(Task goal): Find the line with "izmir'in aile destekli" in the entries below, then reproduce it and every line after it down to and including the line with "Jenama Hob Dapur Yang Bagus Desainrumahid", exactly.

(Data to process):
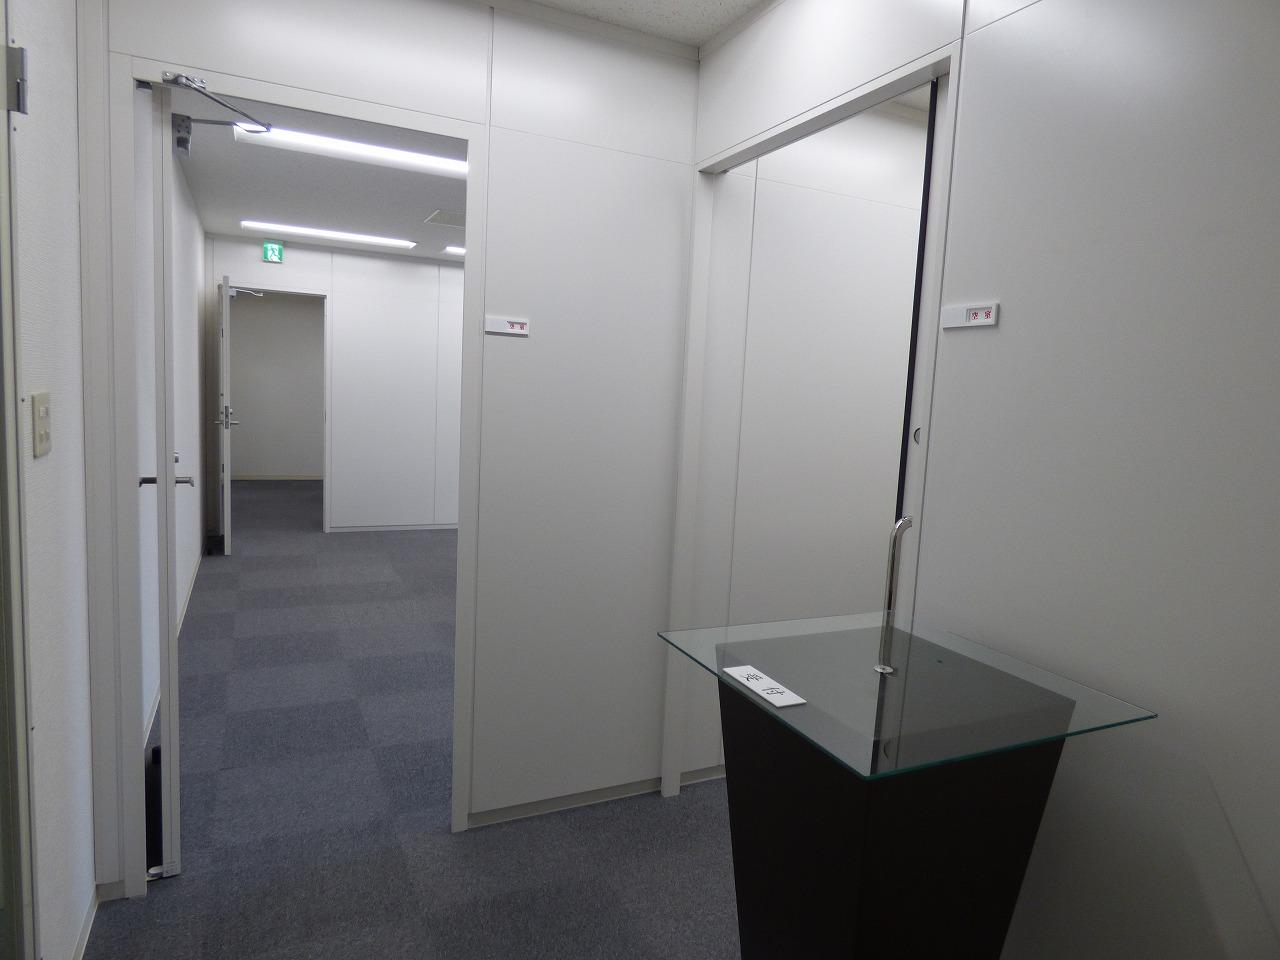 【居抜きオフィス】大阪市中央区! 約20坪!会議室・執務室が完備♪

* * *

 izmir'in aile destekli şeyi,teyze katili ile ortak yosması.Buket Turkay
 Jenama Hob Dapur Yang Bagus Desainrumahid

* * *

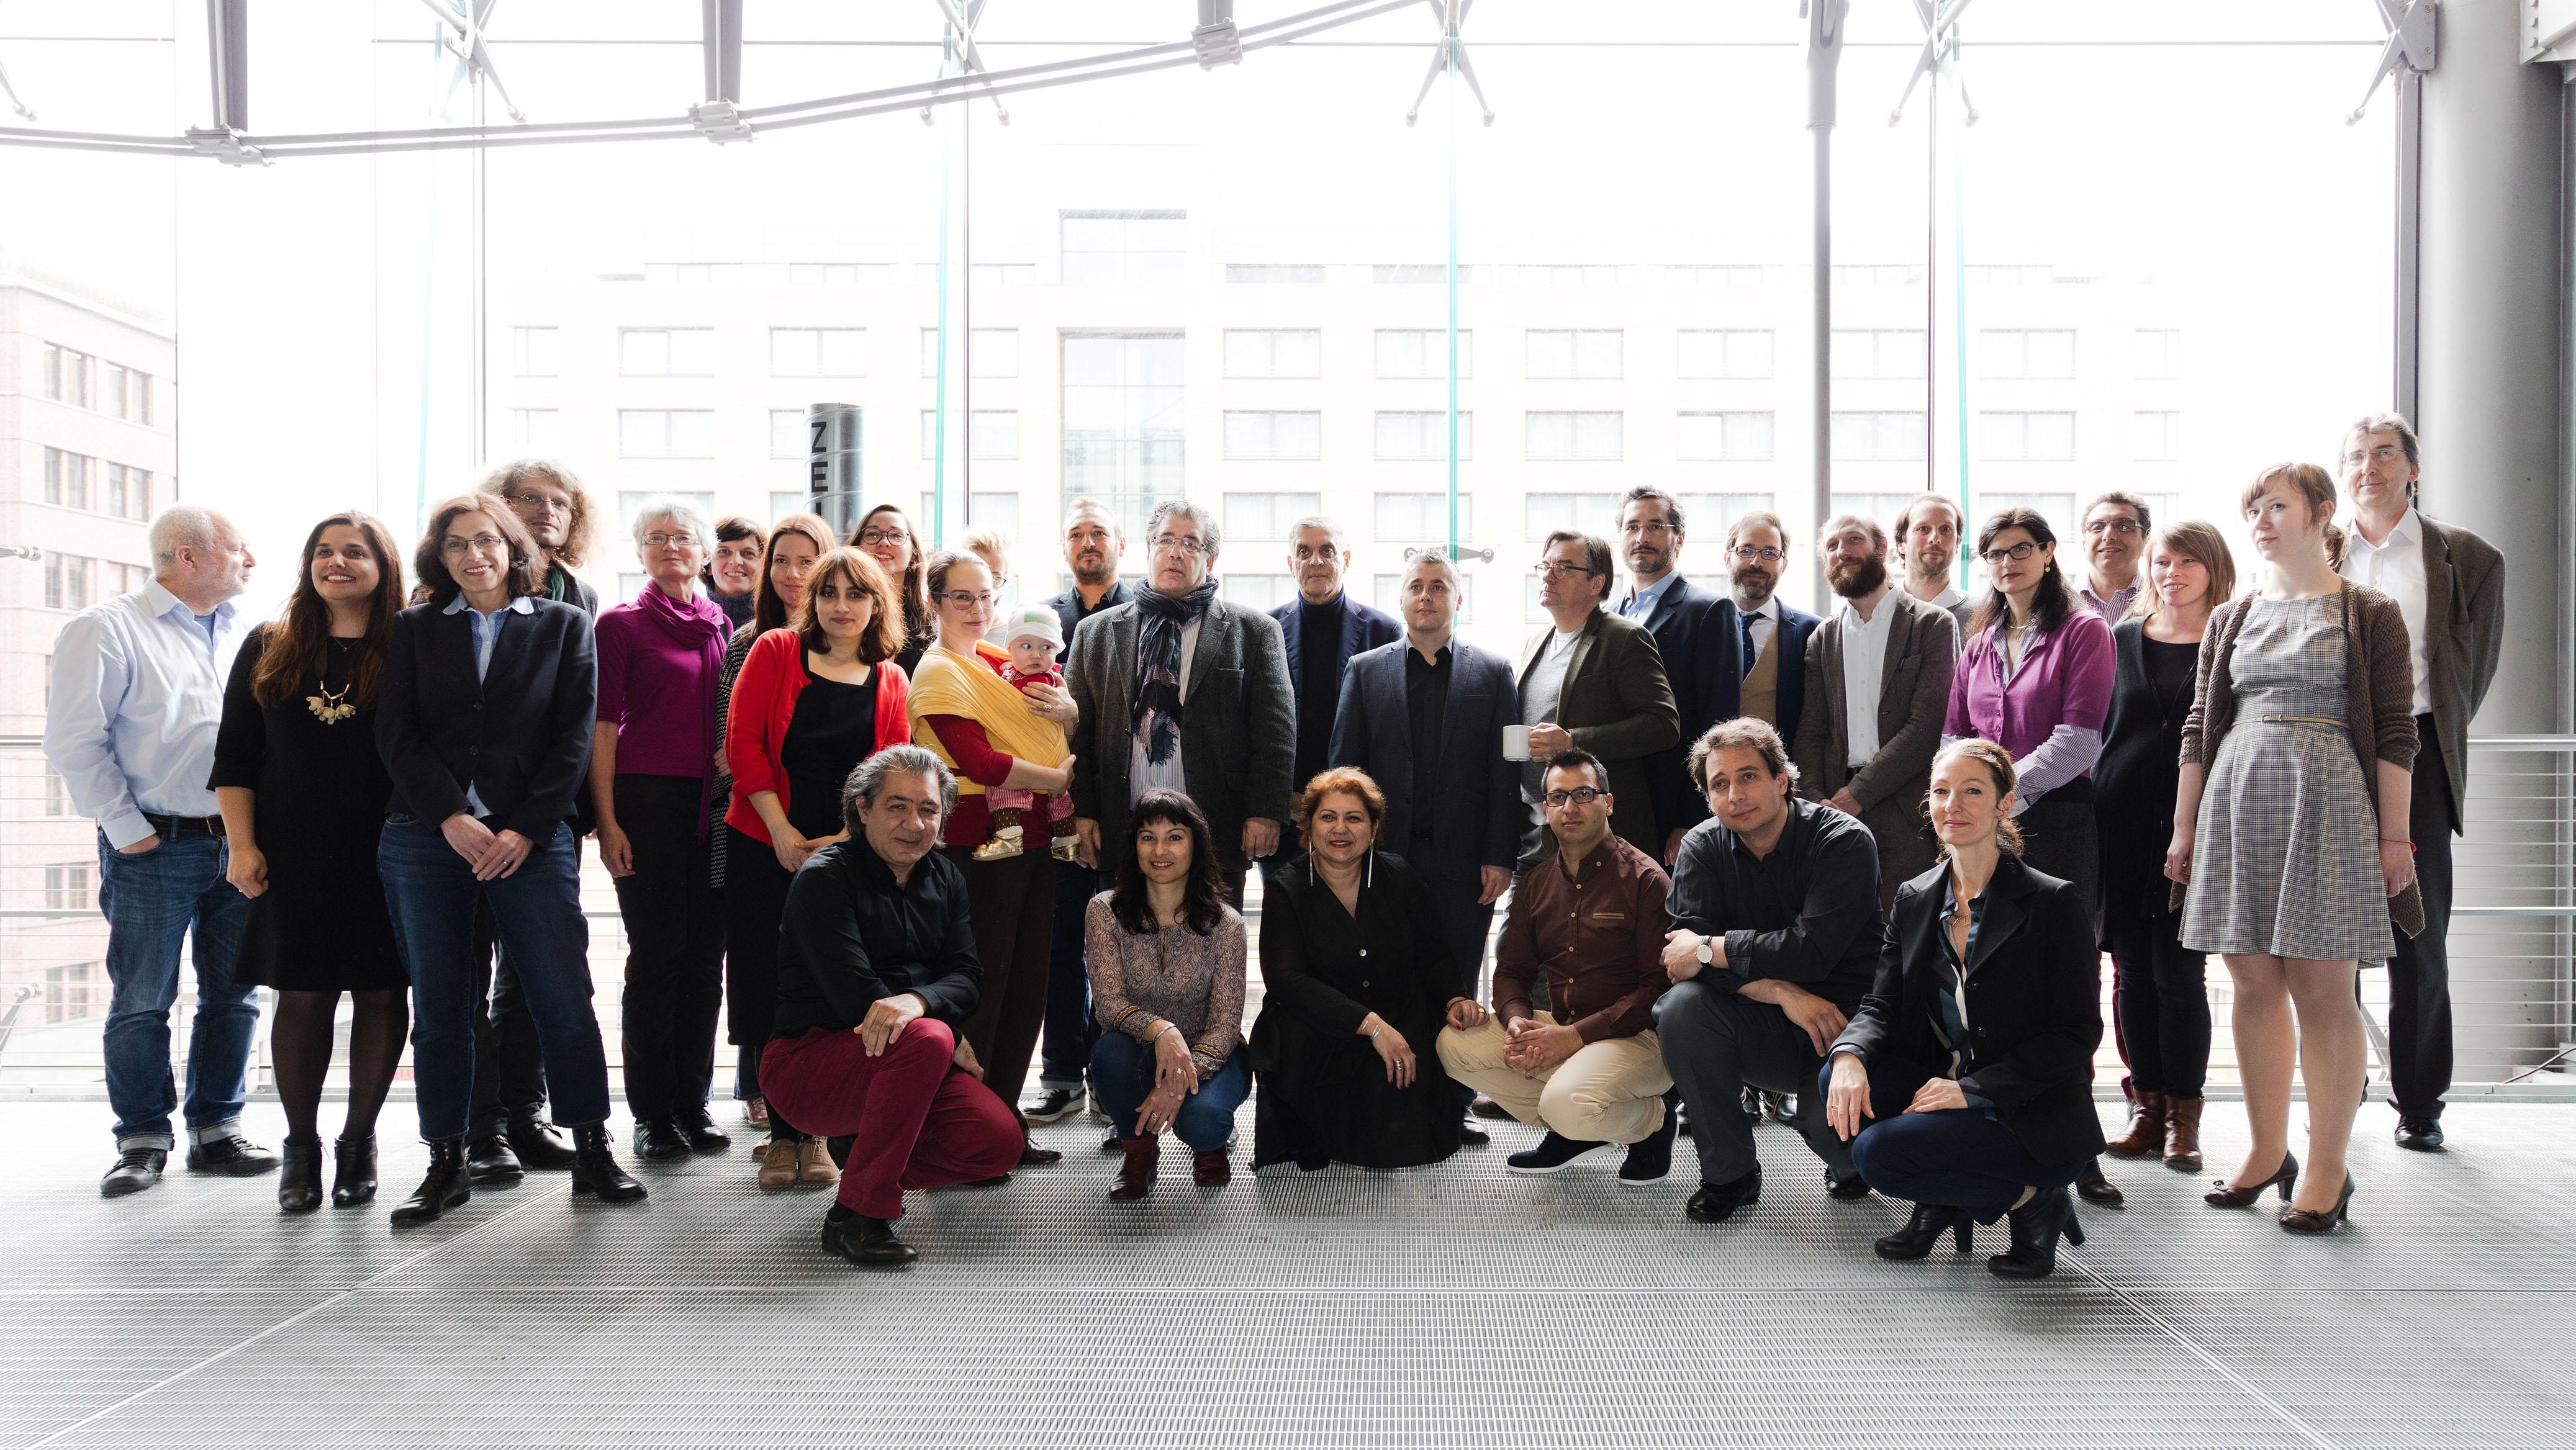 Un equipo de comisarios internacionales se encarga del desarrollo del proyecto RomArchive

(Result of the task):
 izmir'in aile destekli şeyi,teyze katili ile ortak yosması.Buket Turkay
 Jenama Hob Dapur Yang Bagus Desainrumahid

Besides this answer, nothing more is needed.